The goal of this research is thus to systematically explore the challenges that exist while creating data stories that employ complex and compelling AUVs, and then identify opportunities to streamline the creation process. To this end, we conducted a 2-part formative study that consisted of an interview-based study with 6 AUV creators to understand the challenges in their workflows, and a content analysis of 44 data-driven articles and videos to investigate the characteristics and patterns contained within such media.
The formative study found that authoring data stories with AUVs is extremely challenging because it is difficult to plan and prototype. Typical prototyping techniques (e.g., sketching) cannot accurately capture the number of visual units nor represent the dynamic animations that creators envision. As a result, creators resort to using coding languages to programmatically specify the parameters and behaviors of hundreds and thousands of data points. This process, however, is indirect, tedious, and time-consuming. The content analysis found that data stories use a section-based narrative structure, and within each section, the text in the story closely corresponds to the underlying data selections, operations, visual encodings, and animations needed for each AUV.

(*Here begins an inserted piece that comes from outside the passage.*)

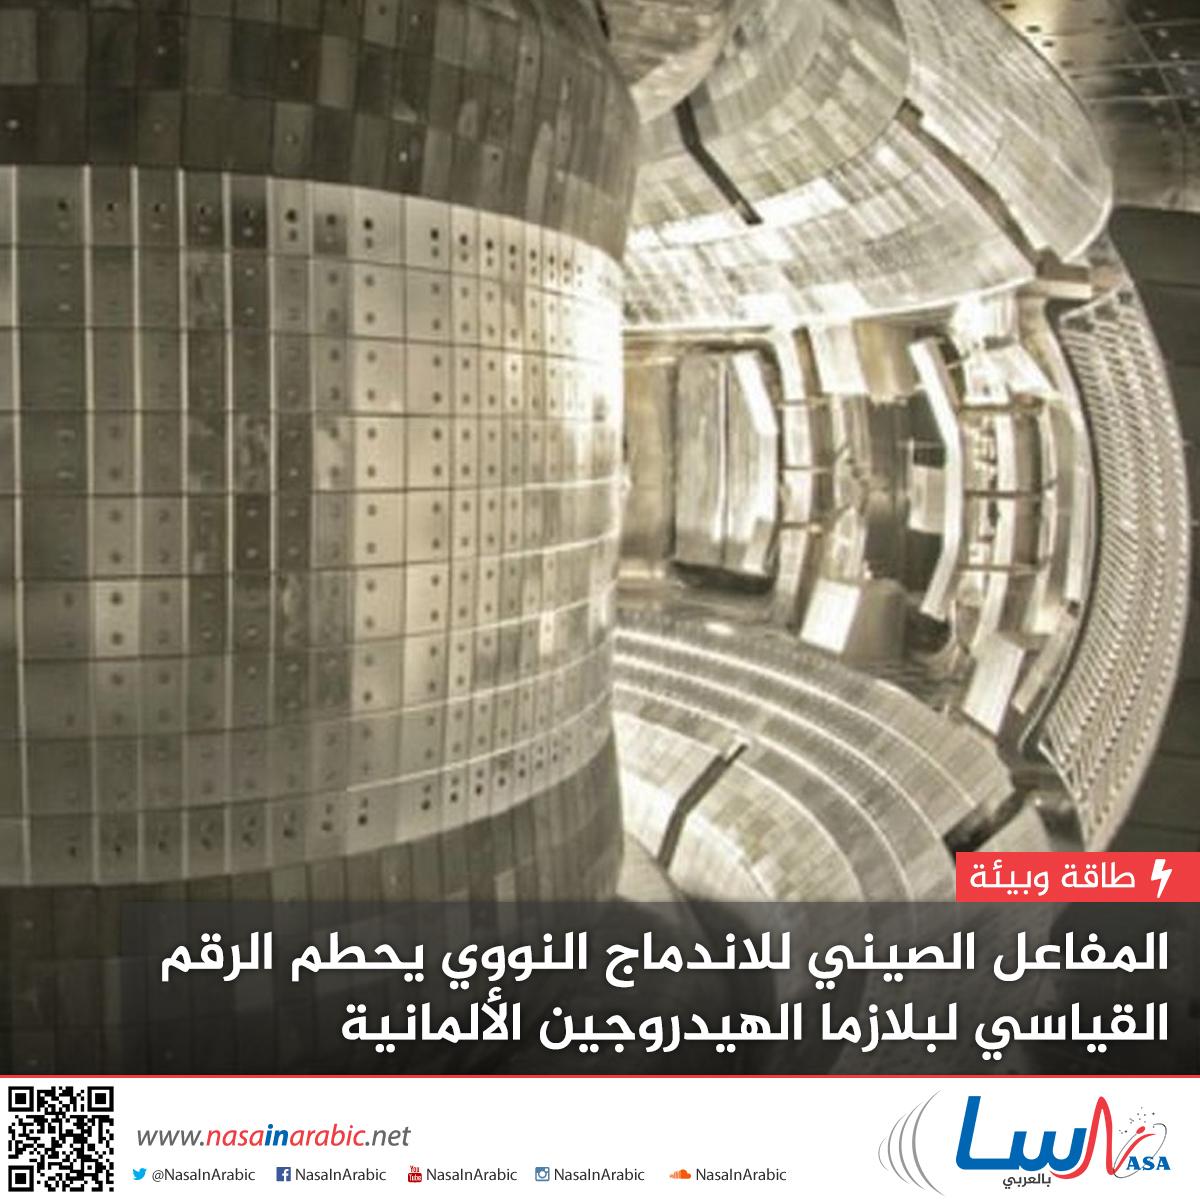 رقم قياسي جديد في مفاعلات الاندماج النووي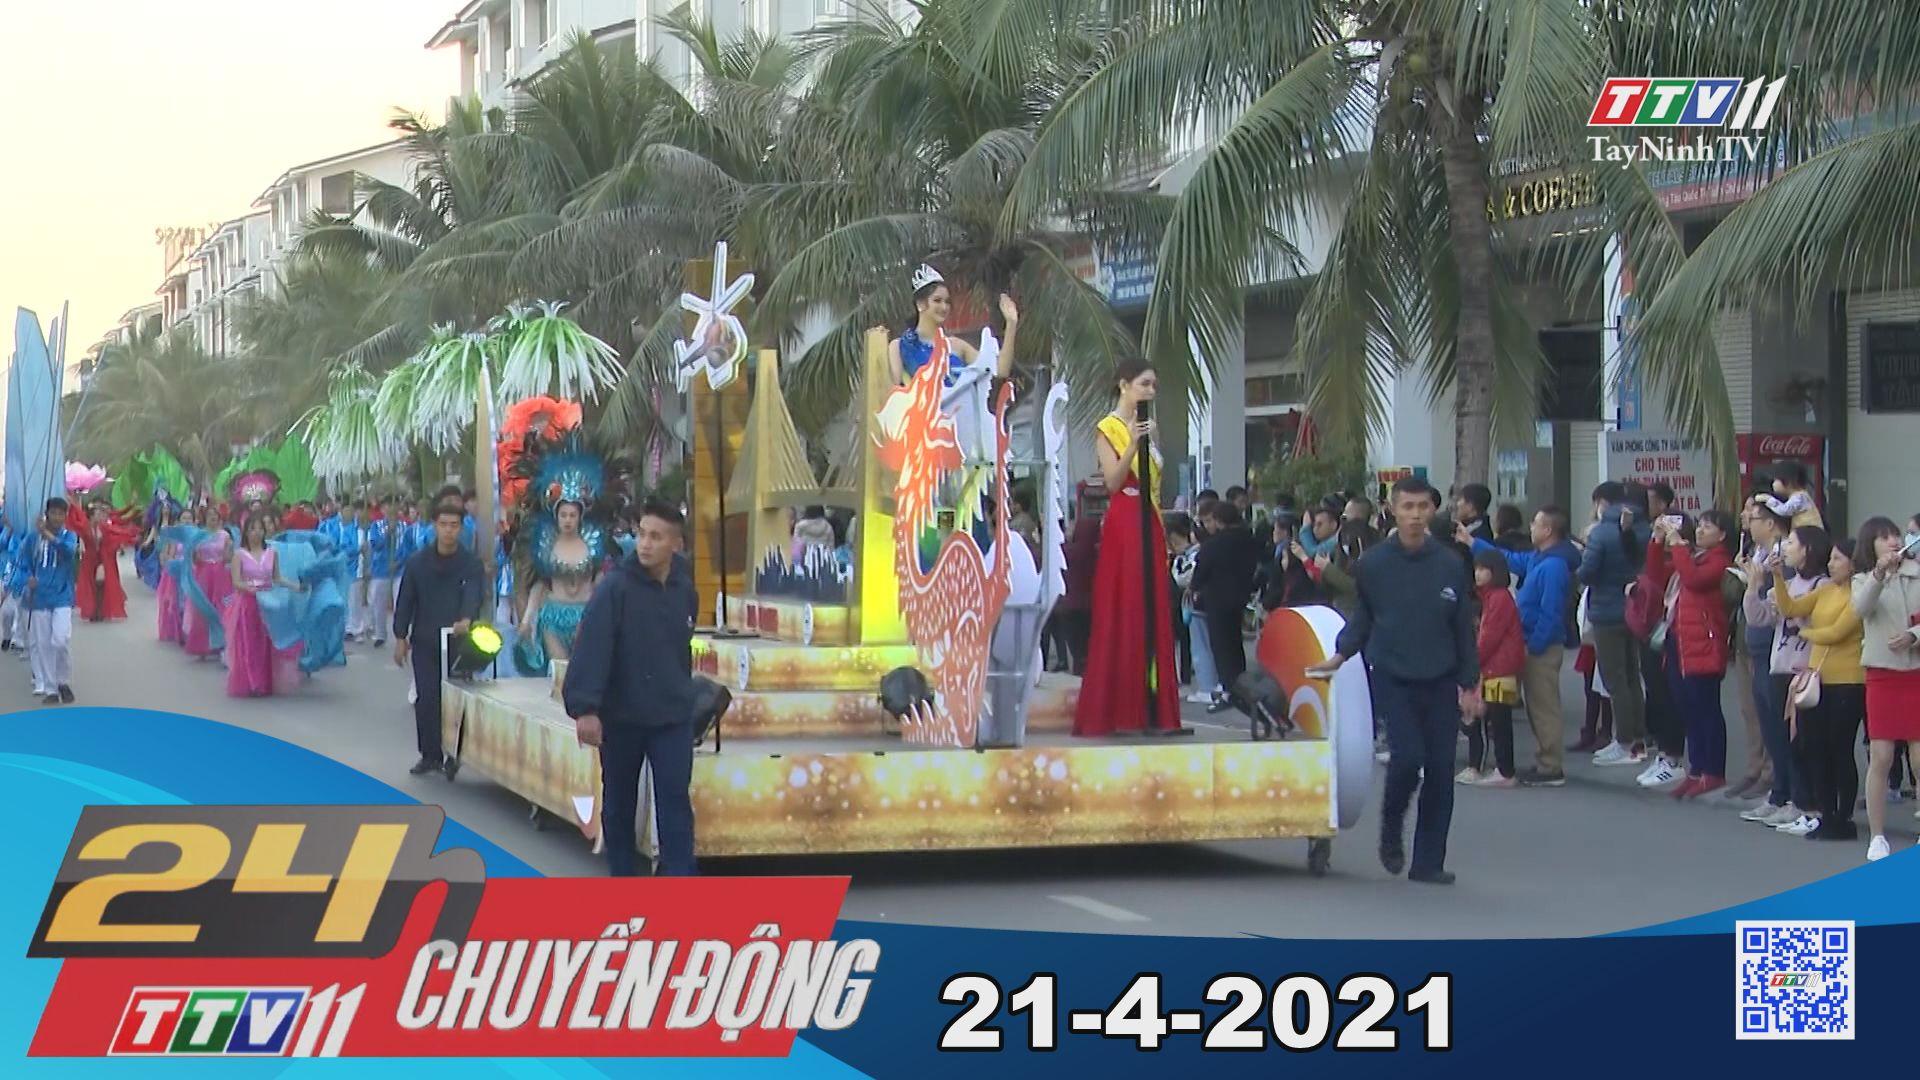 24h Chuyển động 21-4-2021 | Tin tức hôm nay | TayNinhTV

These formative studies highlighted the opportunity to leverage the desired connections and organization between text and visuals to supporting planning, exploring, and composing of data stories with rich AUVs. We propose DataParticles, a system that facilitates the authoring process of AUVs with two components, a language-oriented animation authoring technique that enables users to leverage natural language to create congruent visualizations and animations, and a block-based story editor that enables creators to flexibly iterate on their story narrative while maintaining congruence with the visuals. To assess the utility of DataParticles, we conducted an expert evaluation with 9 professional data story creators. The results showed that the language-oriented, block-based authoring environment enabled the authoring process to be story-focused and facilitated creation by enabling flexible prototyping.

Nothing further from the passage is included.